A stunning, summer plumaged bird, just starting to moult, it gave gorgeous views from a lay by on the road opposite Crook.

It provided similar great viewing over the course of our stay, both from Crookhaven itself (O'Sullivans pub, to be honest) and the high road in Crookhaven.

Pacifics require refreshment.

Under water.

That crown and nape. Snowy.

There were also birds such as Common Rosefinch and Red Breasted Flycatcher available on arrival, but we didn't bother with such trash birds.

Red Breasted Flycatcher - Brian McCloskey

Common Rosefinch - Brian McCloskey

Instead we made for the Mizen lighthouse car park where we started scanning for seabirds.

Sooty Shearwater, Manx Shearwater, Puffin, Razorbills and Guillemot, Kittiwakes, Gannets and Bonxie, all scarce, rare or mega in a Finnish context, were easily found over the few days we were there. 

We were joined then on Mizen by my dad, brother and Brian McCloskey.
Migrants over the stay included several Yellow Broweds, the aforementioned RB Fly, Blackcaps, Black Redstarts, a self found Common Rosefinch (trash), a fine looking, but unfortunately silent Siberian Chiffchaff candidate, and Ring Ouzel.

Black Redstart - Brian McCloskey

The lake produced a single juv Curlew Sandpiper, and, unusually for the site a flock of some 10-12 Gadwall.
I was blown away by the sheer number of Buzzards on the headland now, in full residency. They really have taken over the country.
This Merlin was the best of the raptors though. Cute as a button.

The best birds of the trip for me were the result of an emergency morning supply run to Schull.

Having enjoyed a few Med gulls in the harbour we made for the Croagh Estuary. I had often checked the north arm of this estuary in the past, pegging it as the potential site for Ireland's first Snowy Egret, but had never had the time to check the western arm.

With the north arm, indeed having a good count of Little Egrets (another rare bird for Finland we had enjoyed all through the trip), we made our way to the western arm. 

Driving down the length of this arm, checking the various egrets, gulls and godwits, we initially saw nothing here. It was only coming back up the estuary that we saw a few more egrets, hidden behind a bank that were invisible from viewpoints on the eastward drive.

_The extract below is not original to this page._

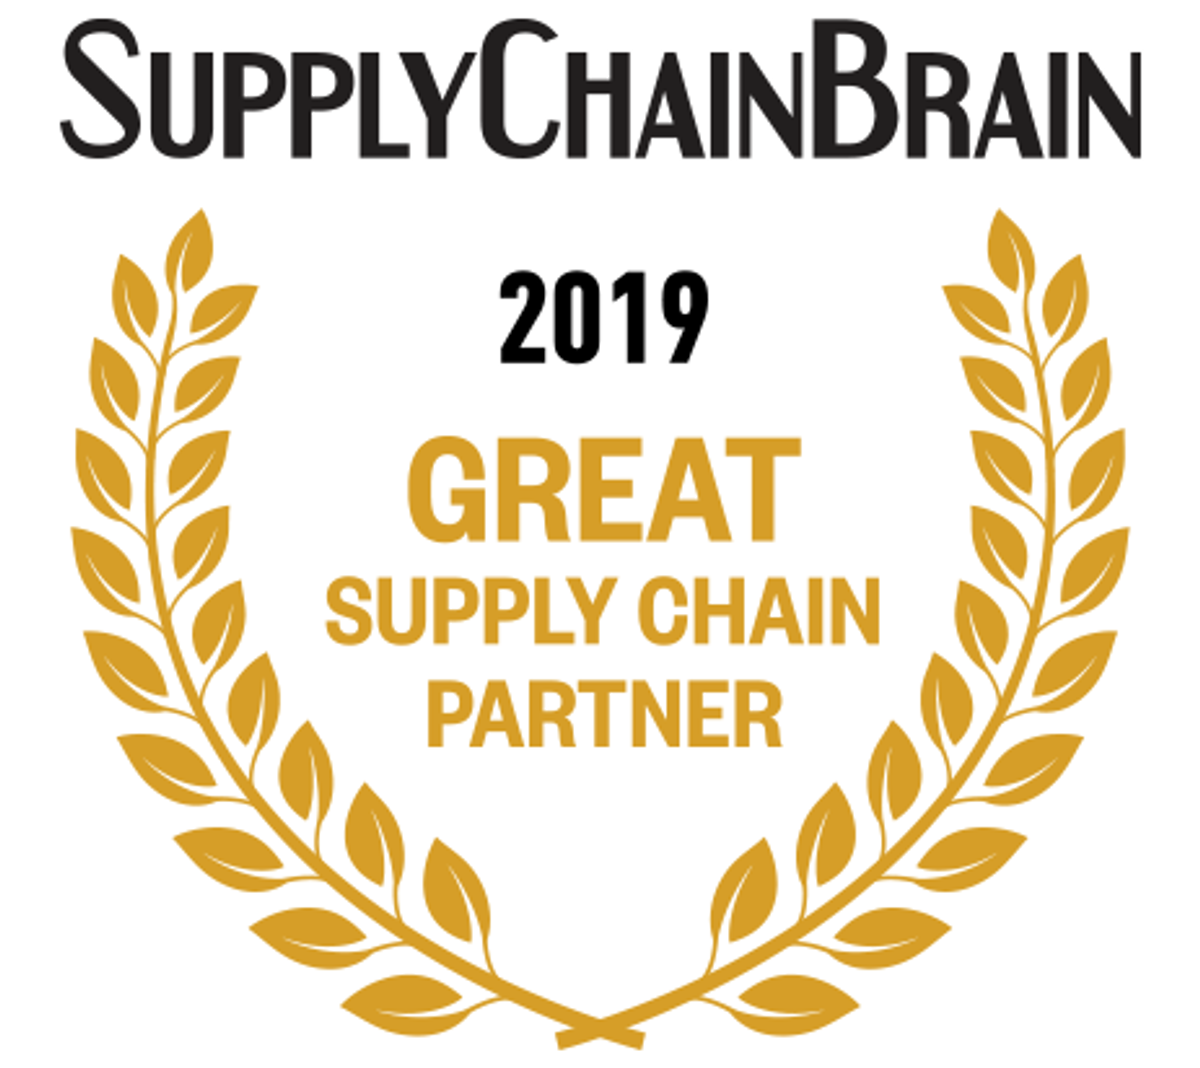 Penske Logistics Named Great Supply Chain Partner

I raised my bins and was delighted to see the middle of three egrets had a gleaming yellow bill! A great score for my first visit to the site.

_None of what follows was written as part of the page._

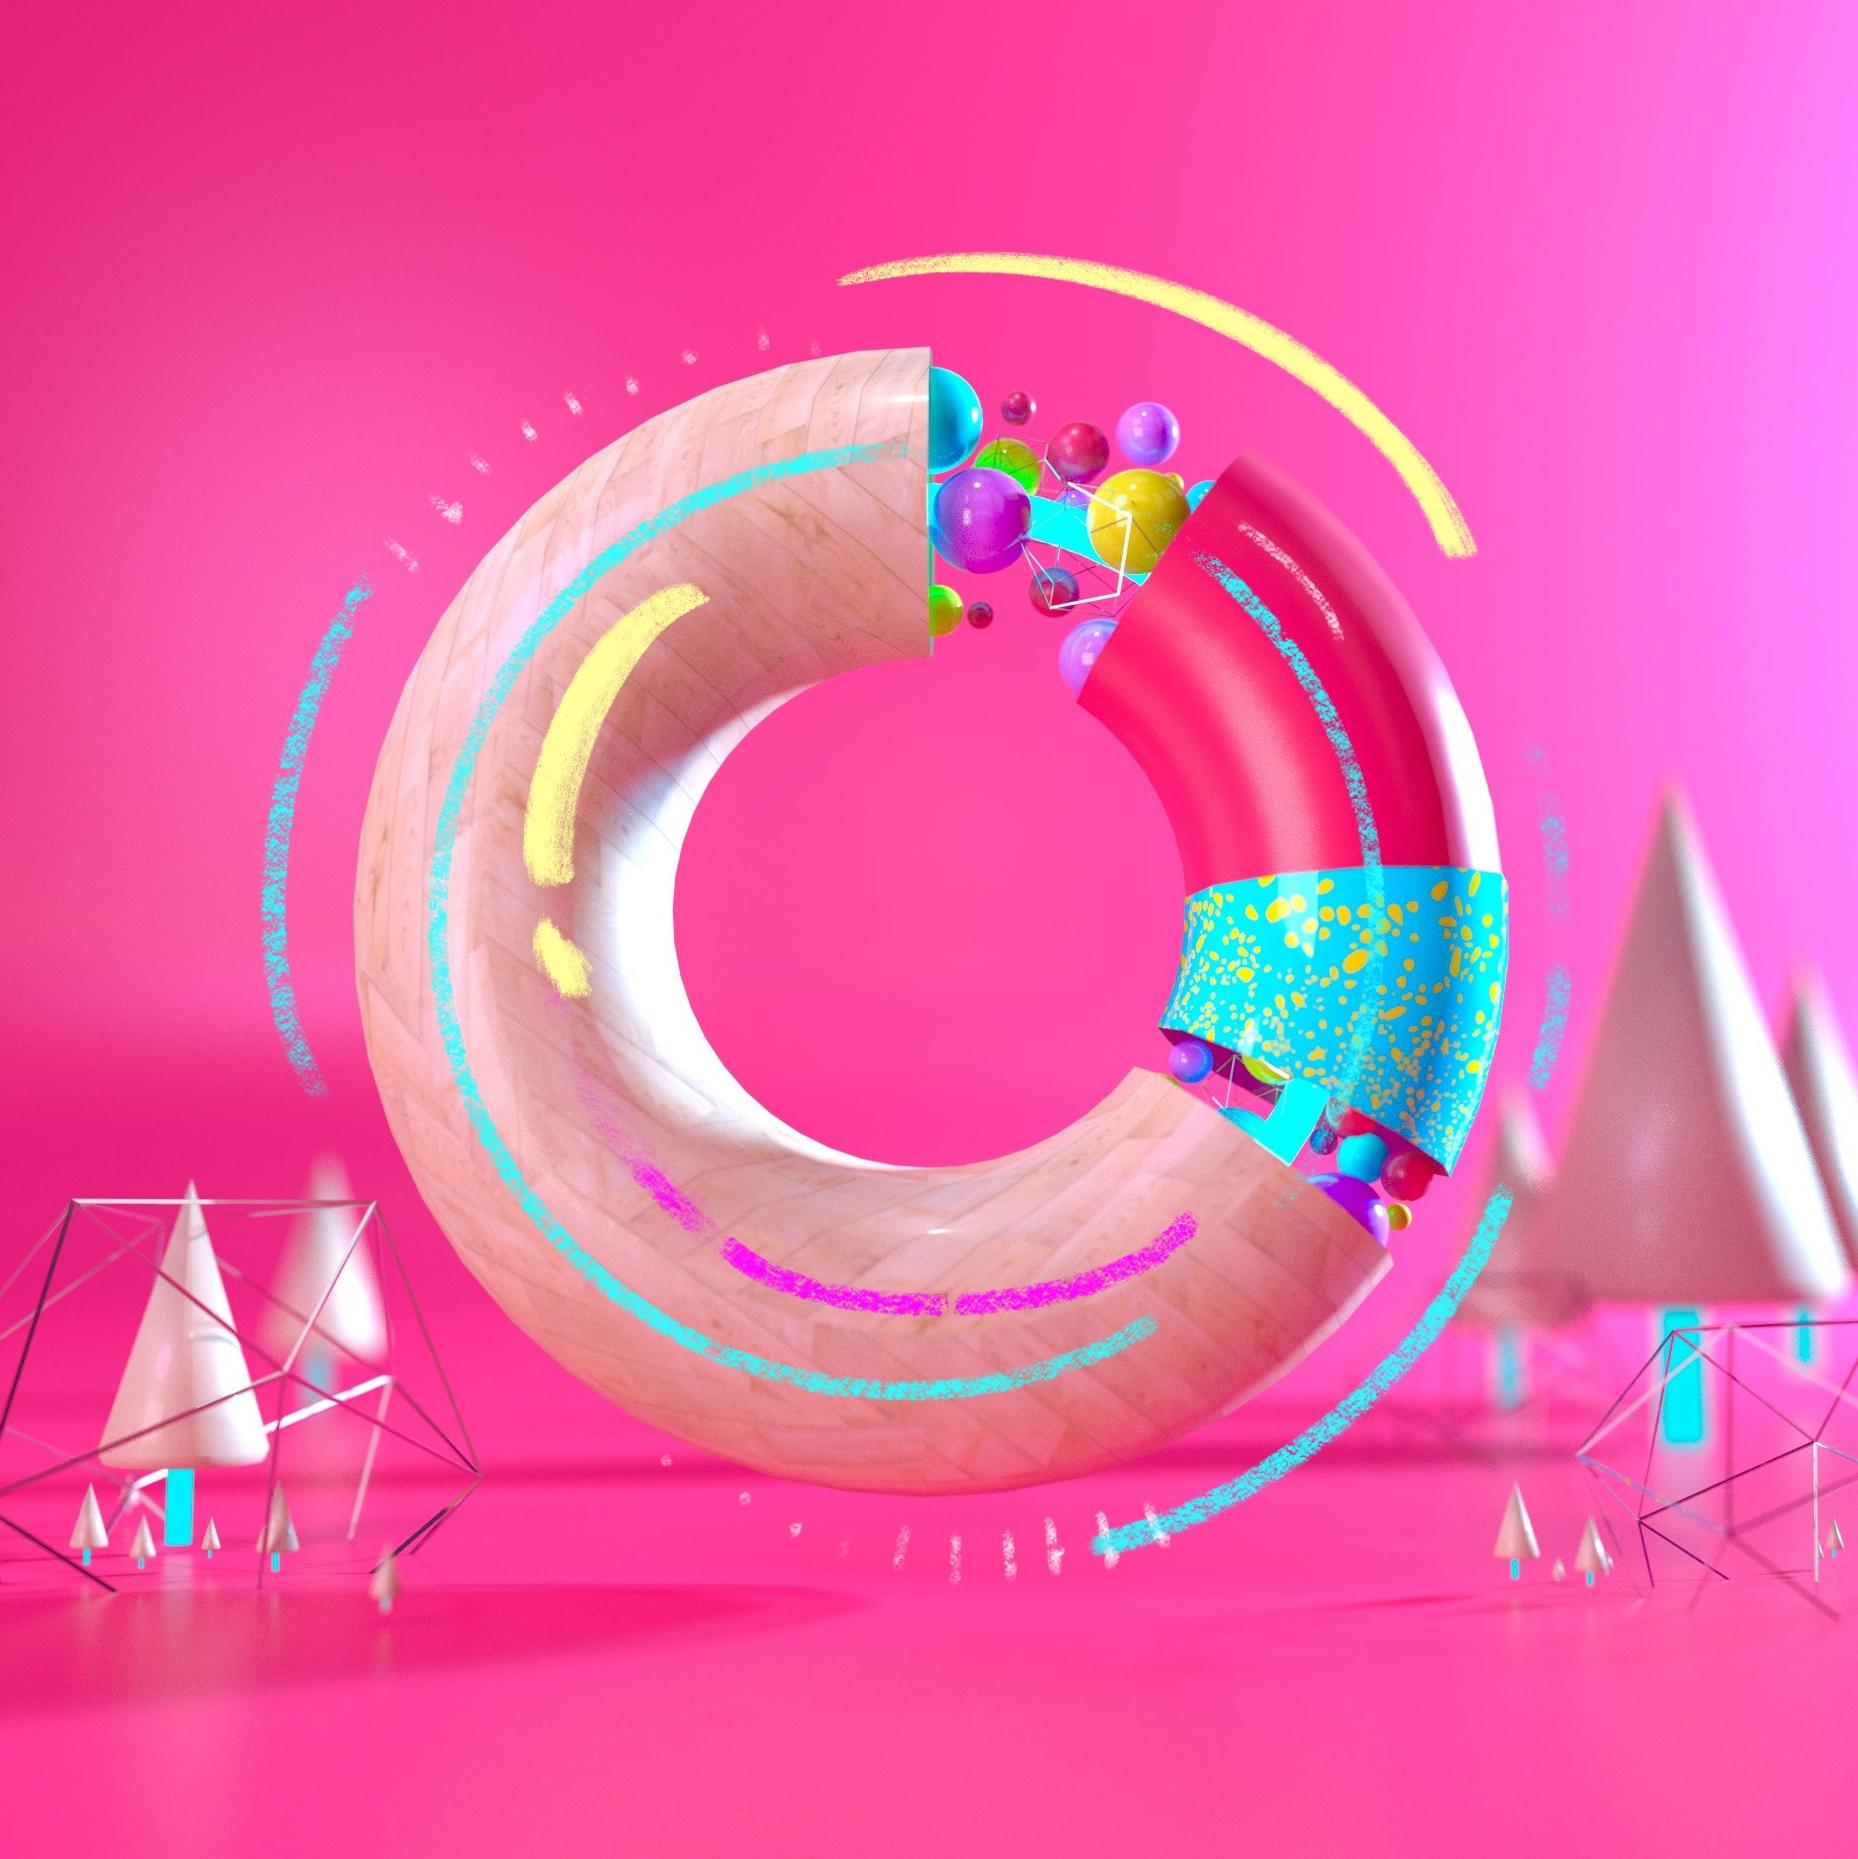 chris-winterton-O-typography-3D-36daysoftype.jpg

A quick set up of the scope and it was clear that two of the three egrets were indeed Cattle Egrets.

It's been over 13 years since I found Ireland's ninth individual, at the famous red benches in Clonakilty, a true mega at the time.

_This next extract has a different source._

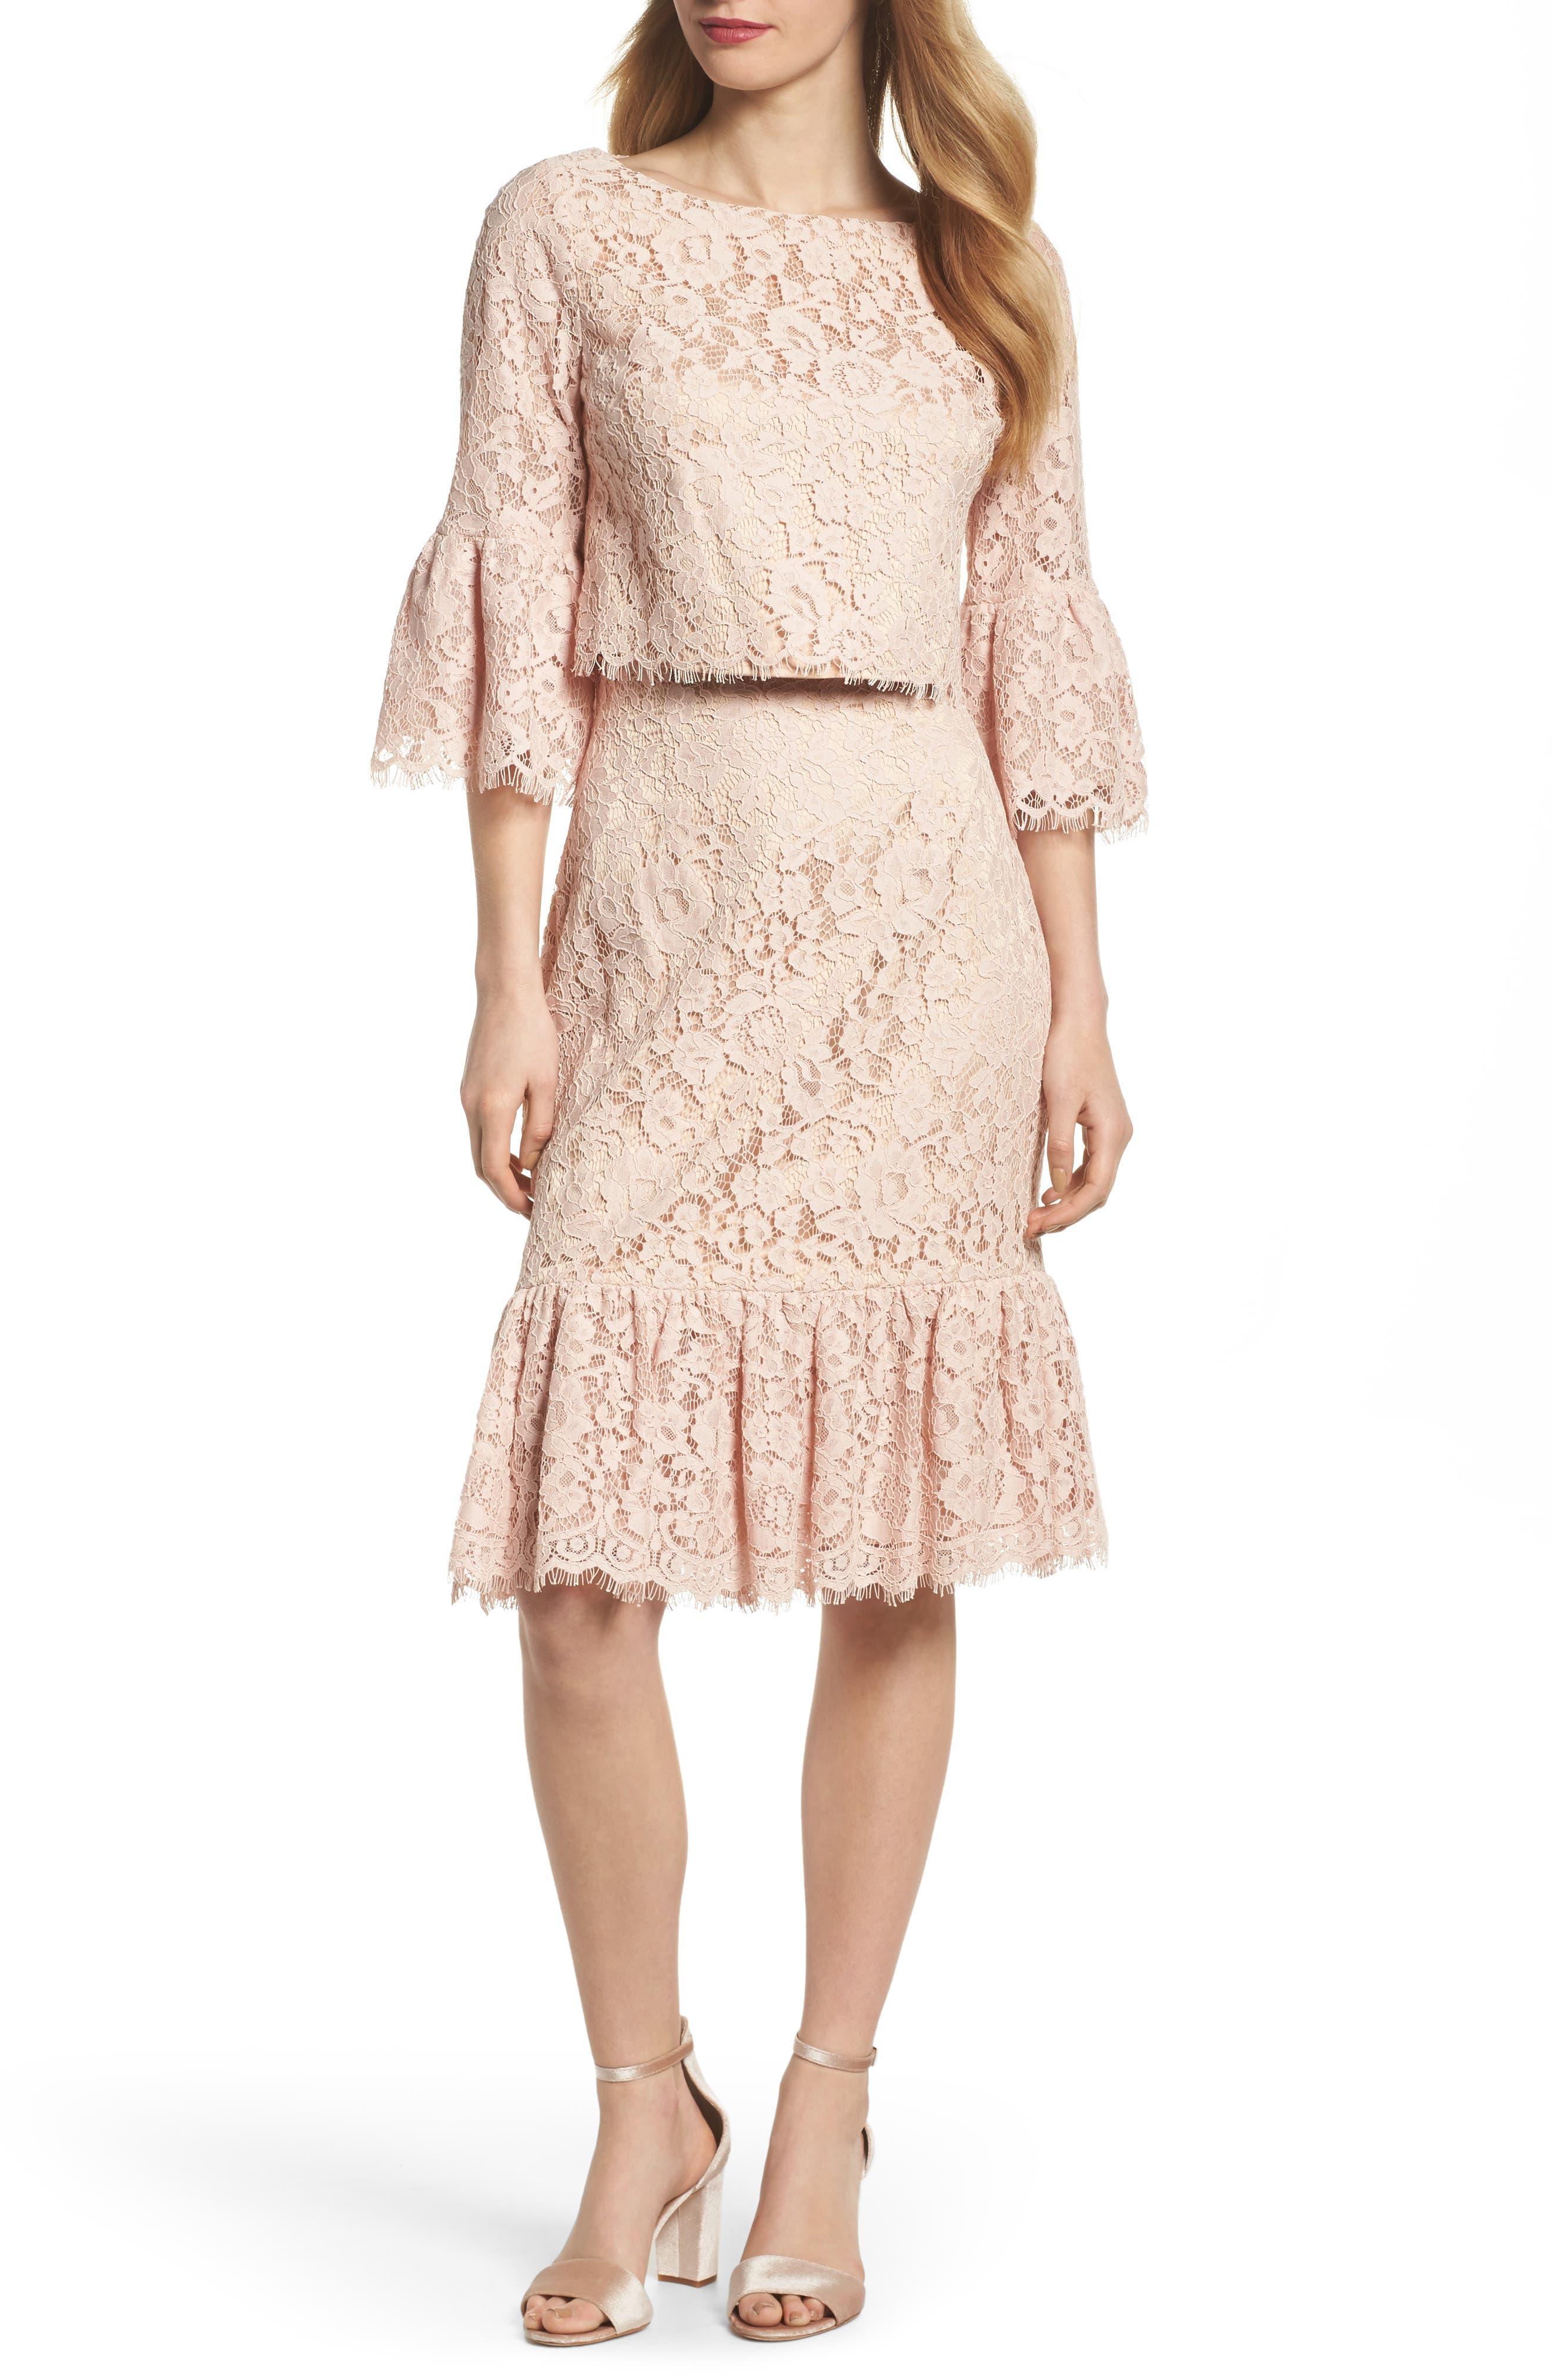 Alternate Image 1 Selected - Eliza J Ruffle Trim Lace Two-Piece Dress

Now their status has changed dramatically, reduced to trash ever since Robert Vaughan found the last good one at Kilcoole, preceding a massive influx of the species.

I made an effort to see many of those birds at the time here

They've been prone to little influxes since, and there seems to be one going on at the moment.

Nonetheless I was delighted with the find, still a classy looking bird, and felt suitably rare at this haggard estuary in west Cork.

There's something about Cattle Egrets. Despite the vast numbers of cattle in the country, and even with the prospect of this species breeding in Ireland (I had a pair sitting in an egret colony in Waterford many years ago I suspect did the deed), they still seem bizzare following cows around on the oul sod.

As we left the area, headed back to Mizen, we passed the rest of the Mizen household, shamefully leaving Mizen to twitch a couple of Cow Sniffers. Needless to say they were ridiculed. 

Cattle Egrets - Brian McCloskey

An enjoyable visit home, catching up with lots of friends and family and enjoying good birds and food around the country.

Thanks to the lads on Mizen for a very pleasant stay on the old stomping grounds.